From an operation perspective the number of students in the class ie. 20 multiplied by the time for each station e.g. 3 minutes would give an OSCE of one hour in duration. For bigger classes the examination can be repeated but obviously creates problems with cueing. Health and safety in the workplace can ad complications as can university policy, such as keeping students attetnion for no more than 45 minutes etc. Any event which stops the exam such as illness, can add considerably to the organisation. Sometimes patients may be used at stations but in longer examinations there needs to be substitutes and time to make these factored into the exam timetable.

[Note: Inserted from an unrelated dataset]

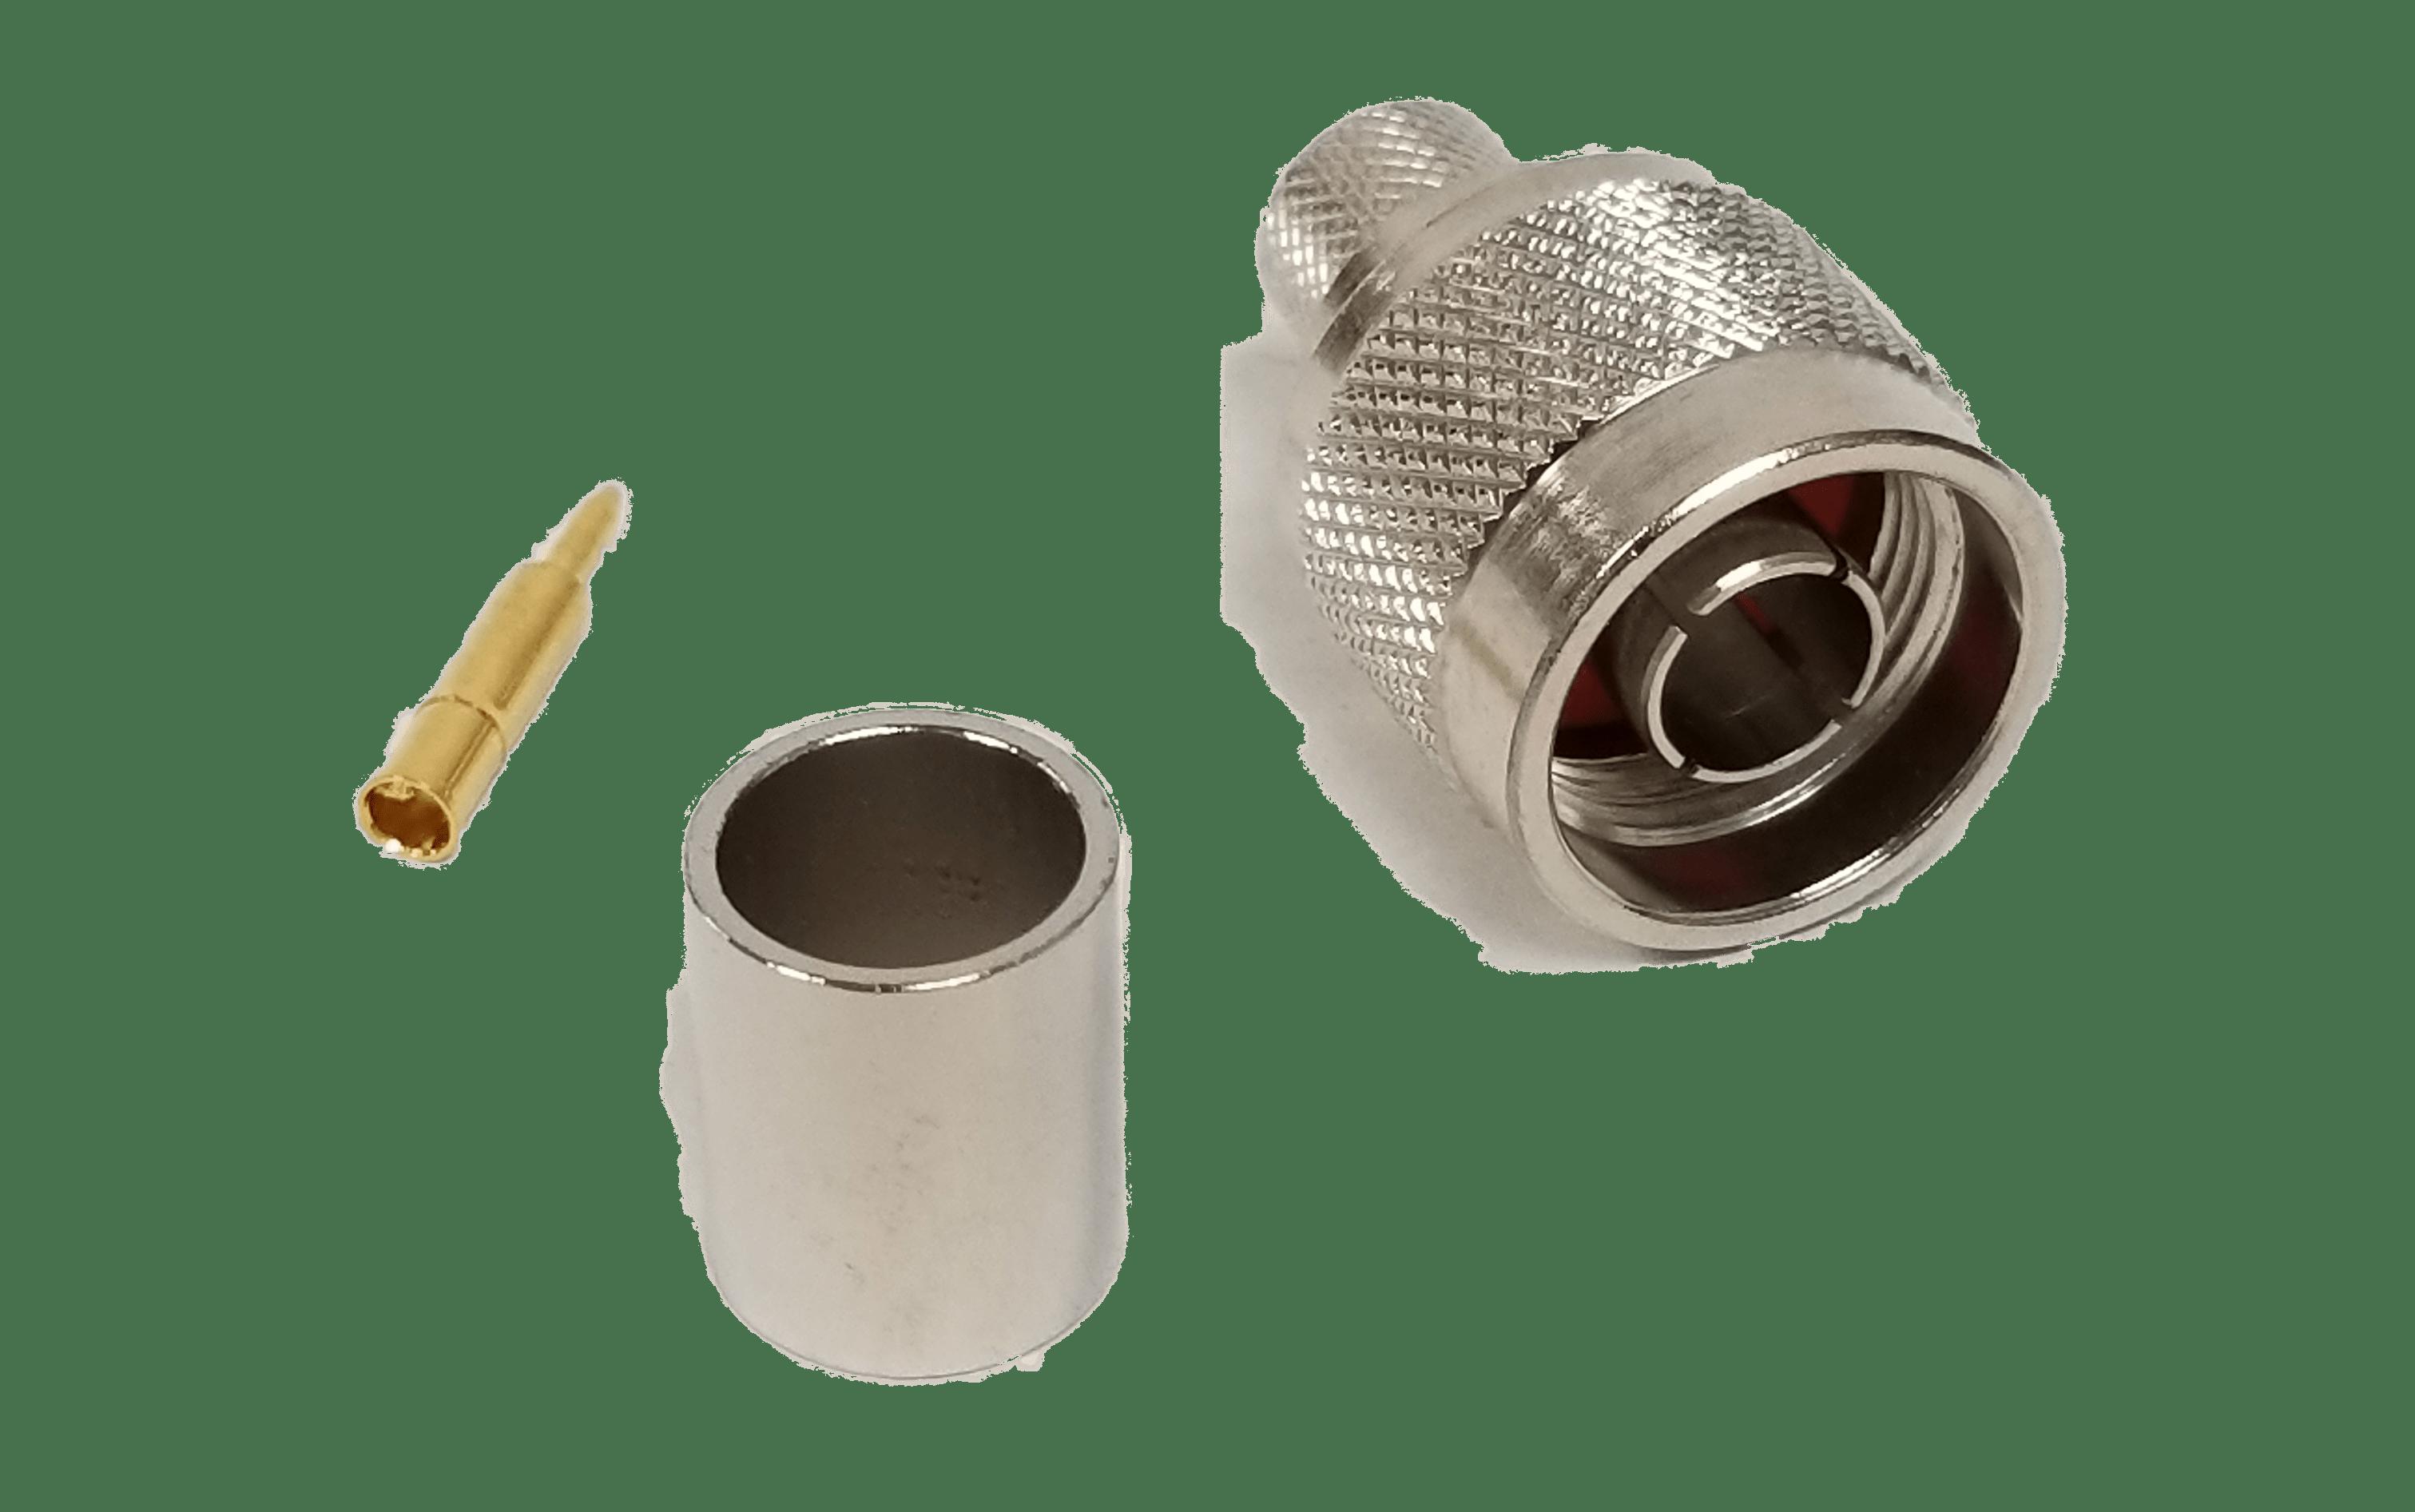 N019913C - ProComm Male N Connector For 9913 Belden Coax

I am more convinced computer based OSCEs offer a better option with greater flexibility to the students and when based on sufficiently large bank of questions reduce cueing.
The OSCE is more suited to measure cognitive domain and affective domain (attitudes), although some psychomotor activites can incorporated. Detailed procedures involing praxis are better done either in OSPEs or in situ.

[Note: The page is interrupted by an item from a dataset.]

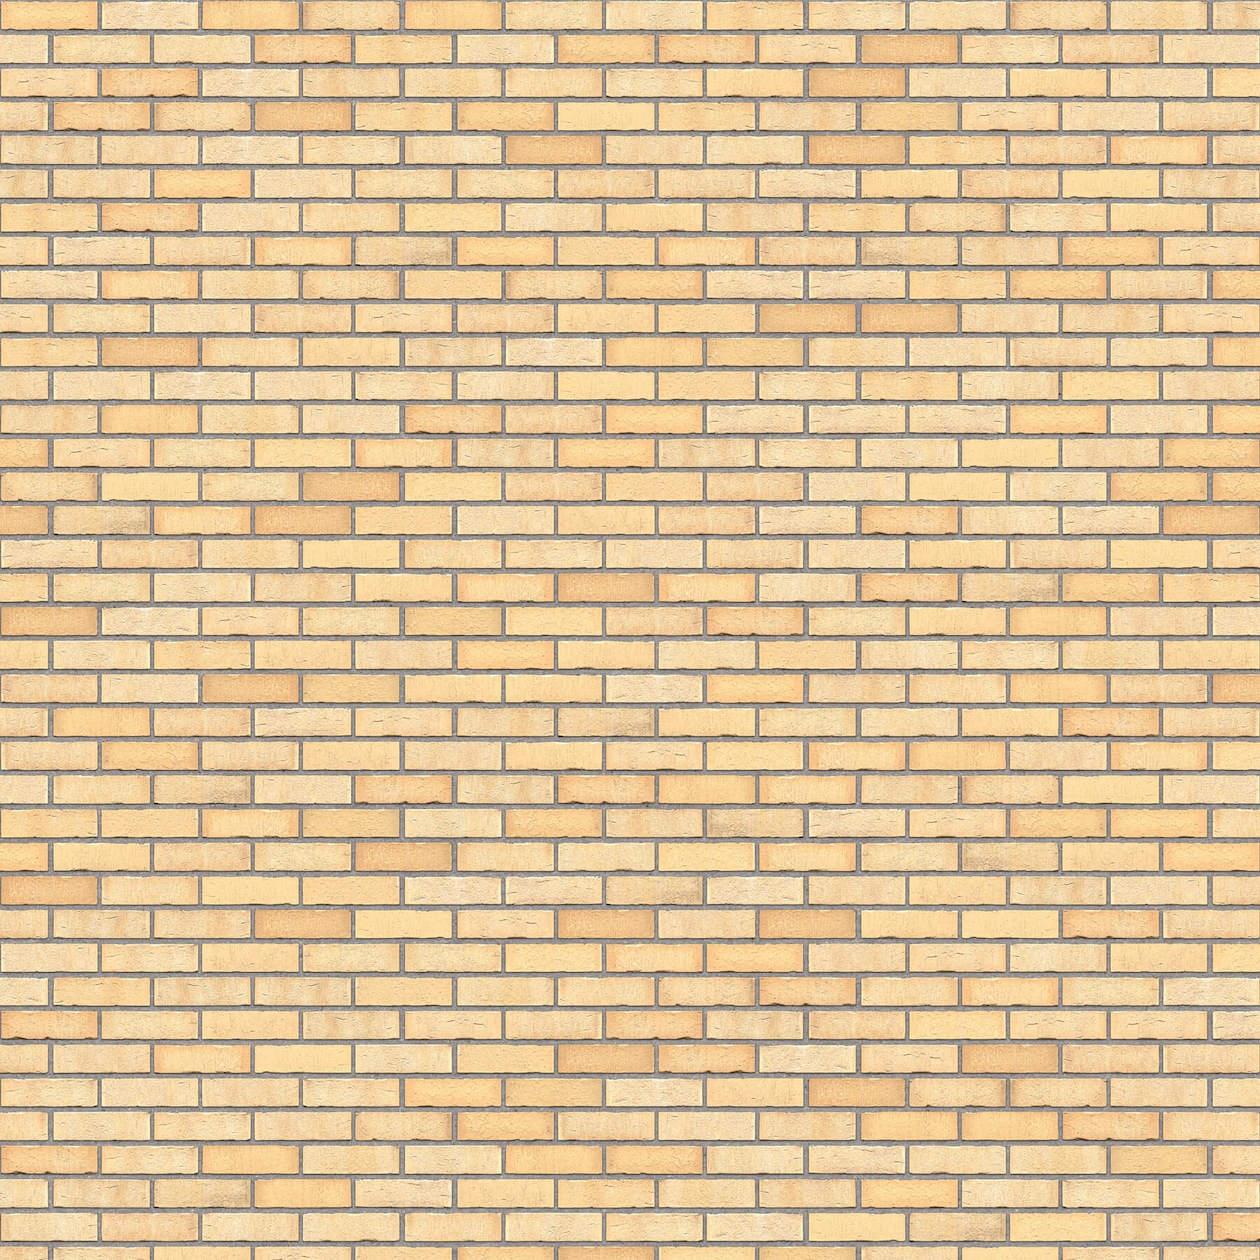 Puna-cigla-FeldHaus-Klinker-brick-house-Beograd-nf-k-724-Siva Fuga

The more practice students you have with OSCEs the higher they will score (like IQ tests) so in the reported study the cohort of students were probably well schooled in OSCEs. OSCE are based upon a bank of questions which are not infinite and practice in the examination format is usually limited in podiatry schools (my experience) so many students find the format a little intimidating because they are not always familiar with the mode presentation. This results for many in a testing of the candidates intelligence or ability to follow syntax rather than the matter at hand (objective in OSCE). Some examiners might say the thought provoking (obscure - I would say) station is a good test for a competent candidate. As an educationalist, I would argue this is inappropriate in a balanced OSCE and that station should be removed.
One downside, well practised students demonstrate "exam lock" by constantly practising the labours of mock stations. On the day of examination these candidates fails to follow the task (stem) clearly, because they are anticipating the right behaviour/answer, and not interpreting the question as asked. Cueing is also a problem especially when candidates view others doing practical stations. So the locality of the OSCE becomes an issue. Stations which link also present challenges because if the candidate makes the wrong response to the first station there is little chance for them being able to redem themselves on the link station. Some examiners are quite happy about this situation but it is not in the true spirit of the OSCE format.
toeslayer
Last edited by toeslayer : 27th October 2007 at 03:53 PM.